Problem: The expected answer is the data below, printed verbatim without its pictures.

Data provided:
◇ ◇ ◇

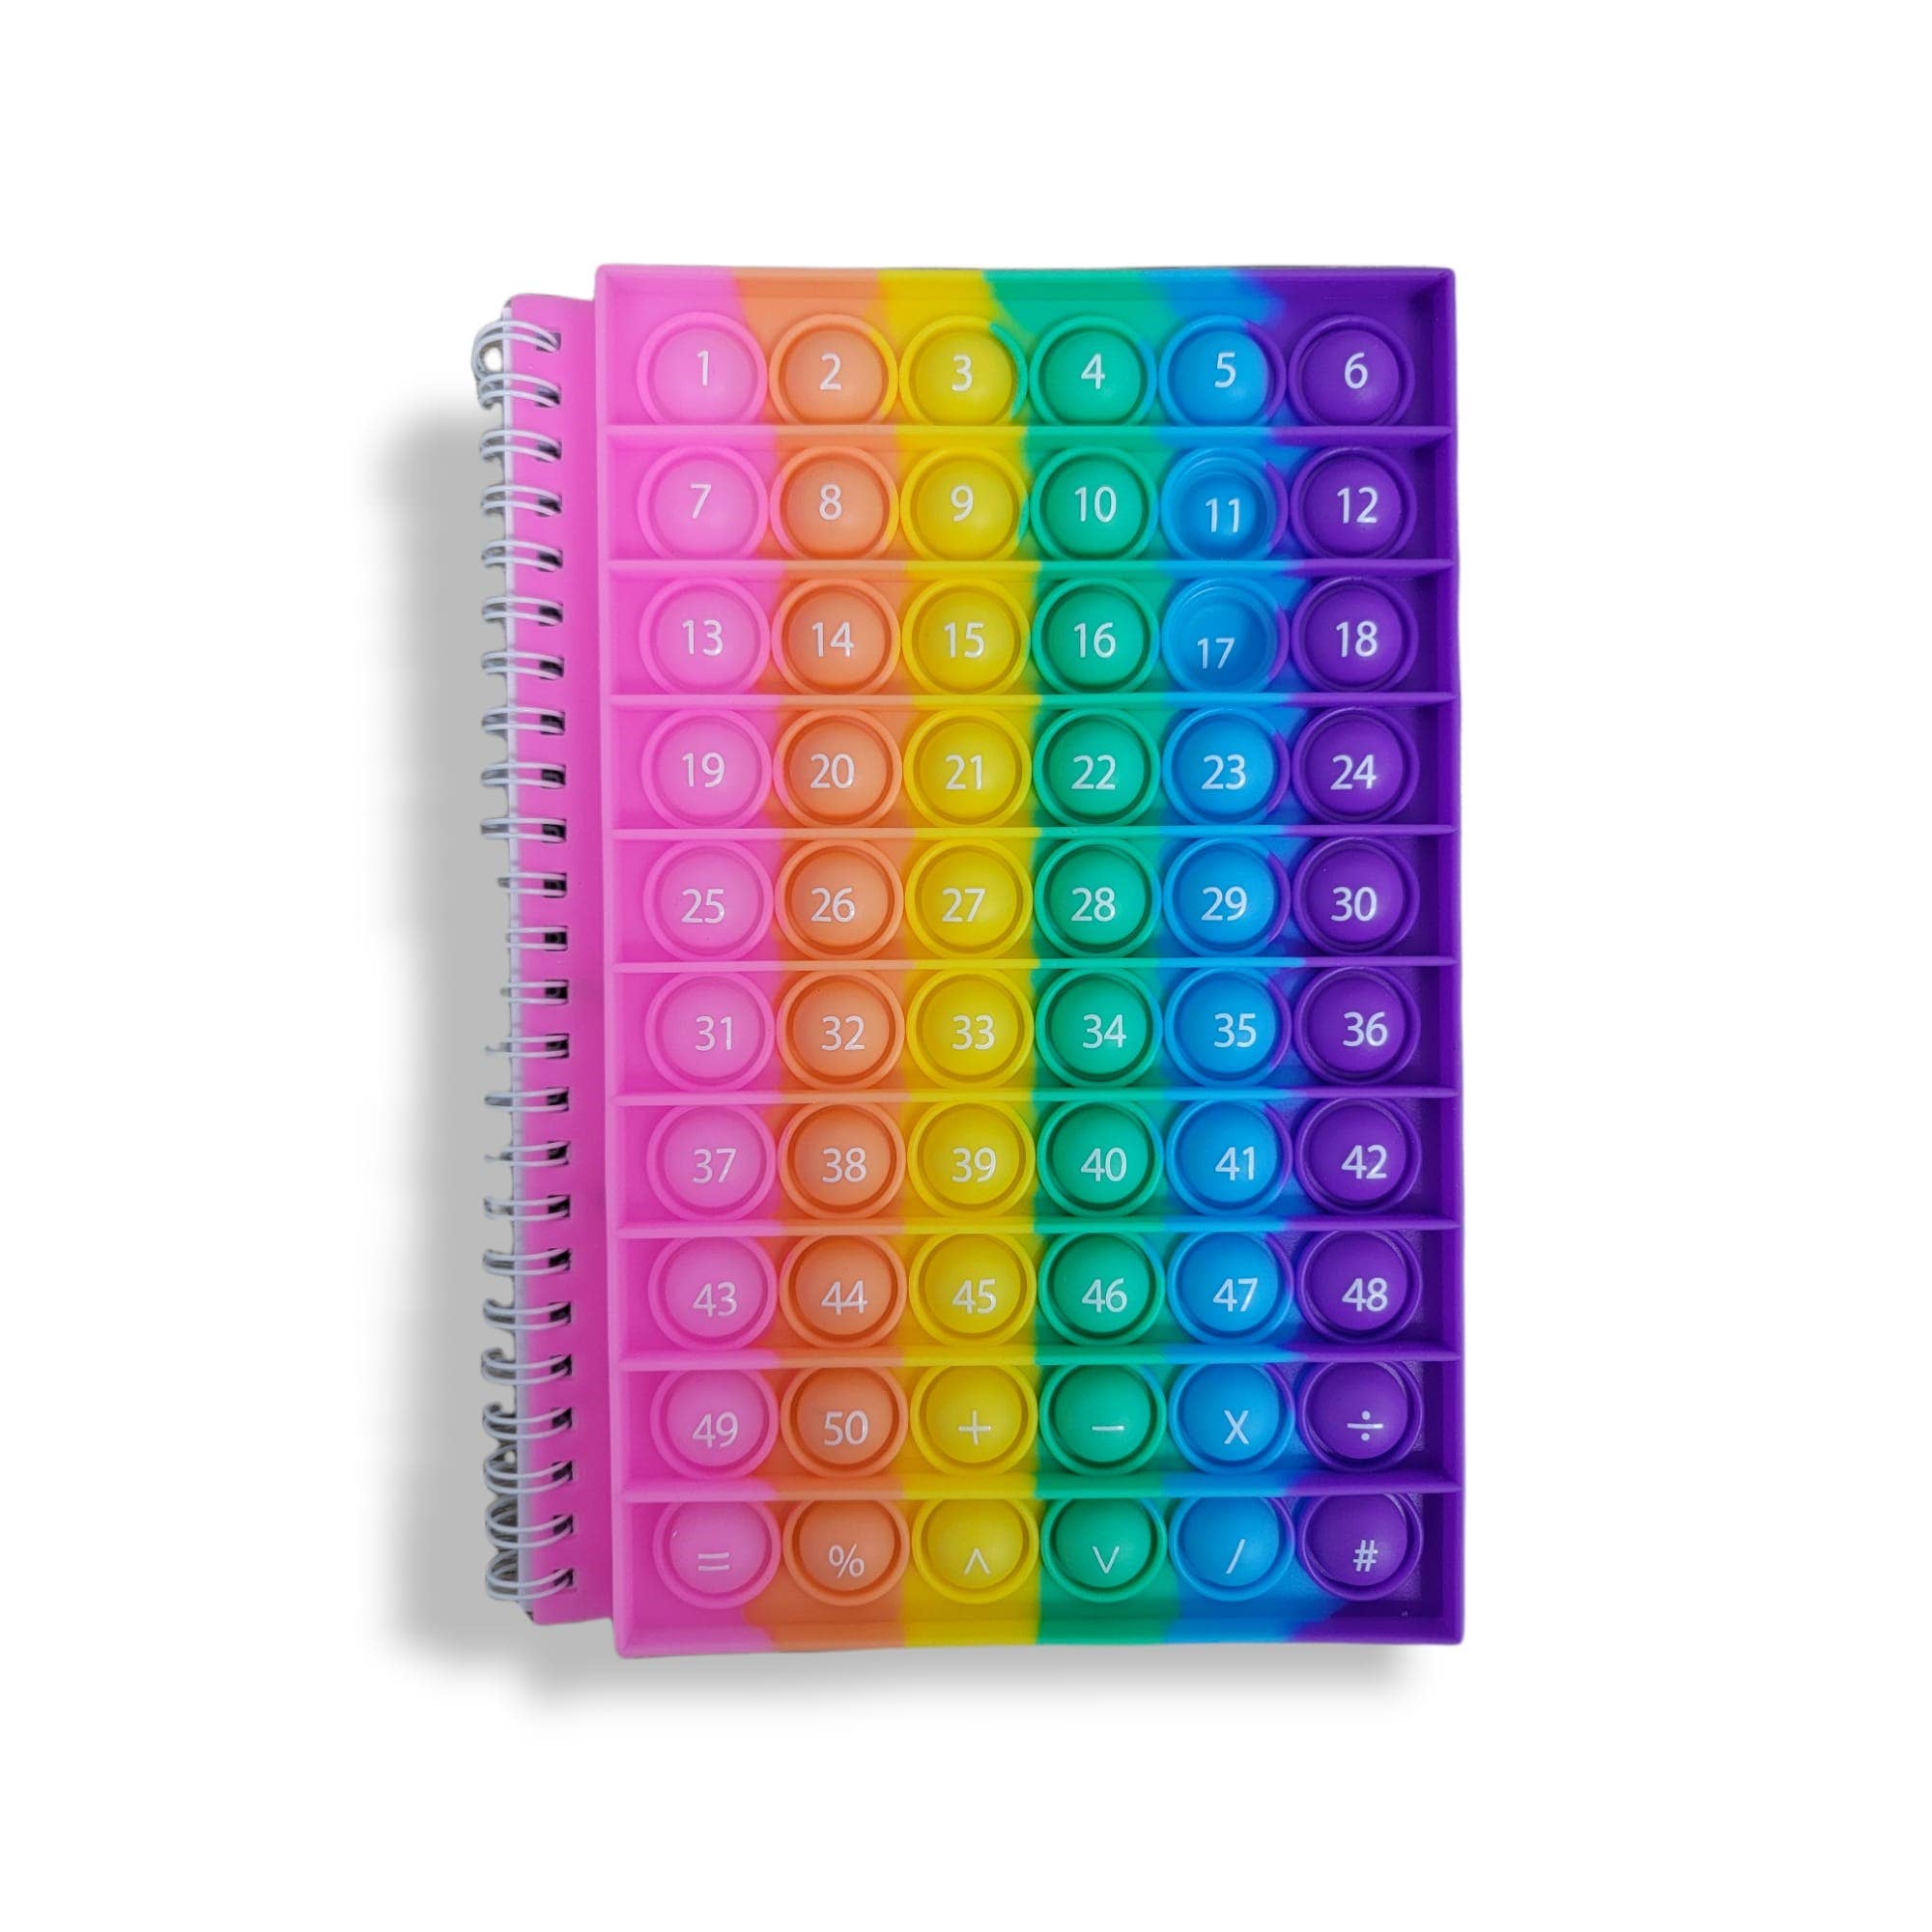 Blue yellow powder Notebook Pop It,Pop Bubble Notebook,Notebook Pop,Spiral Notebook,PopIt Notebook Set for Kids Girls 
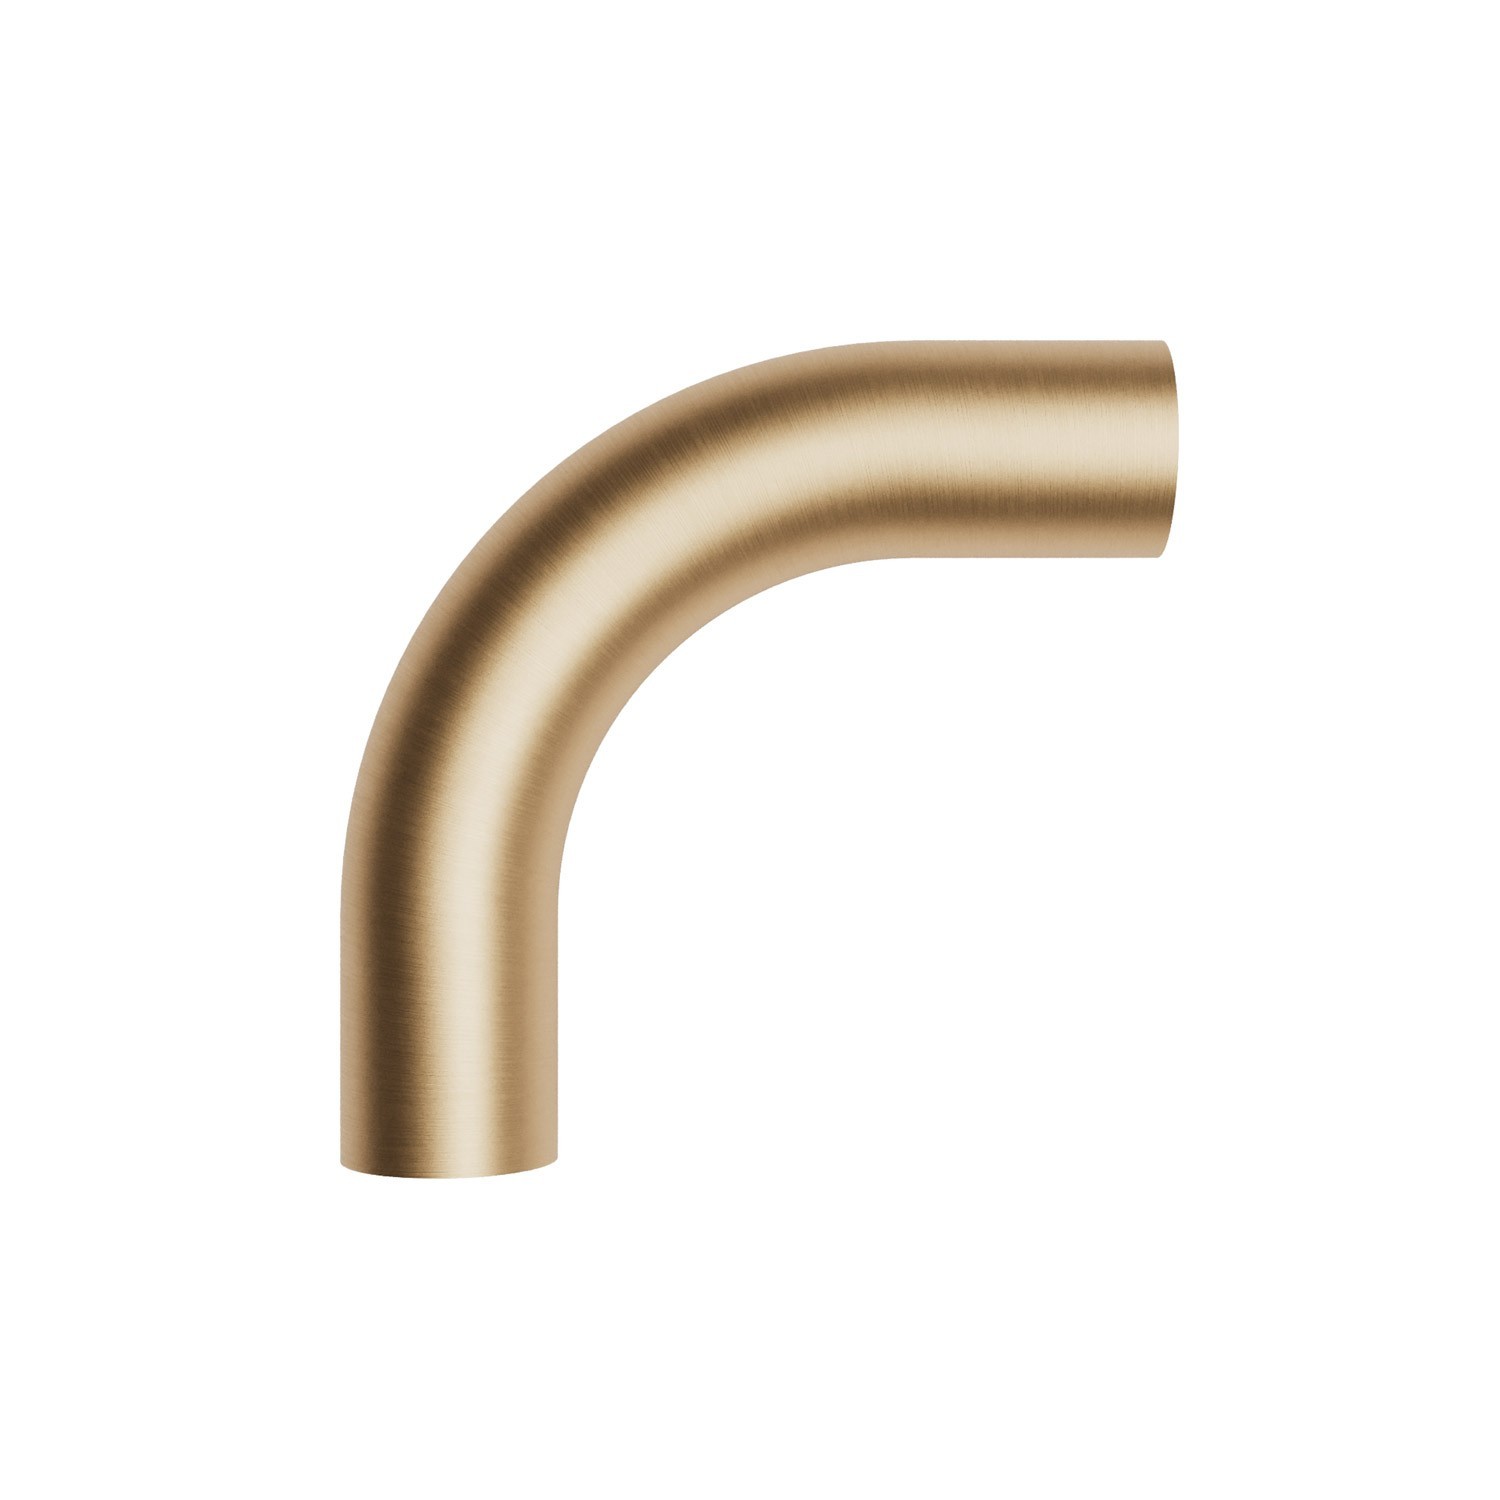 5-cm bent metal extension tube
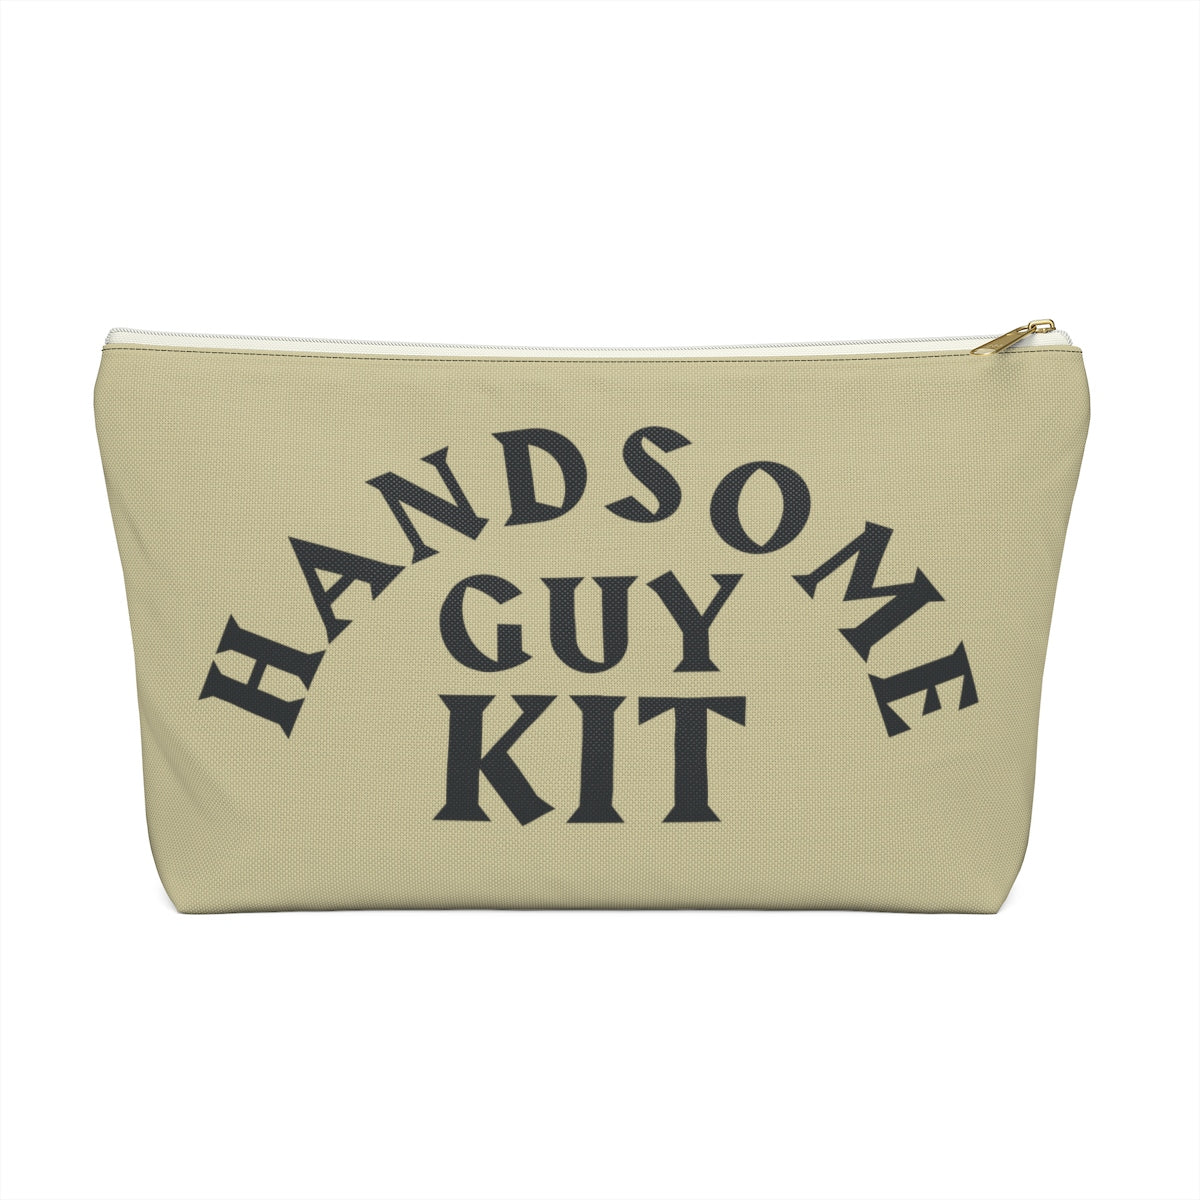 Funny Toiletry Bag for Him, Handsome Guy Kit Wash Zipper Shaving Husband Man Boyfriend Son Gift Travel Dopp Accessory Pouch w T-bottom Starcove Fashion

◇ ◇ ◇

Response:
 Blue yellow powder Notebook Pop It,Pop Bubble Notebook,Notebook Pop,Spiral Notebook,PopIt Notebook Set for Kids Girls 
 5-cm bent metal extension tube
 Funny Toiletry Bag for Him, Handsome Guy Kit Wash Zipper Shaving Husband Man Boyfriend Son Gift Travel Dopp Accessory Pouch w T-bottom Starcove Fashion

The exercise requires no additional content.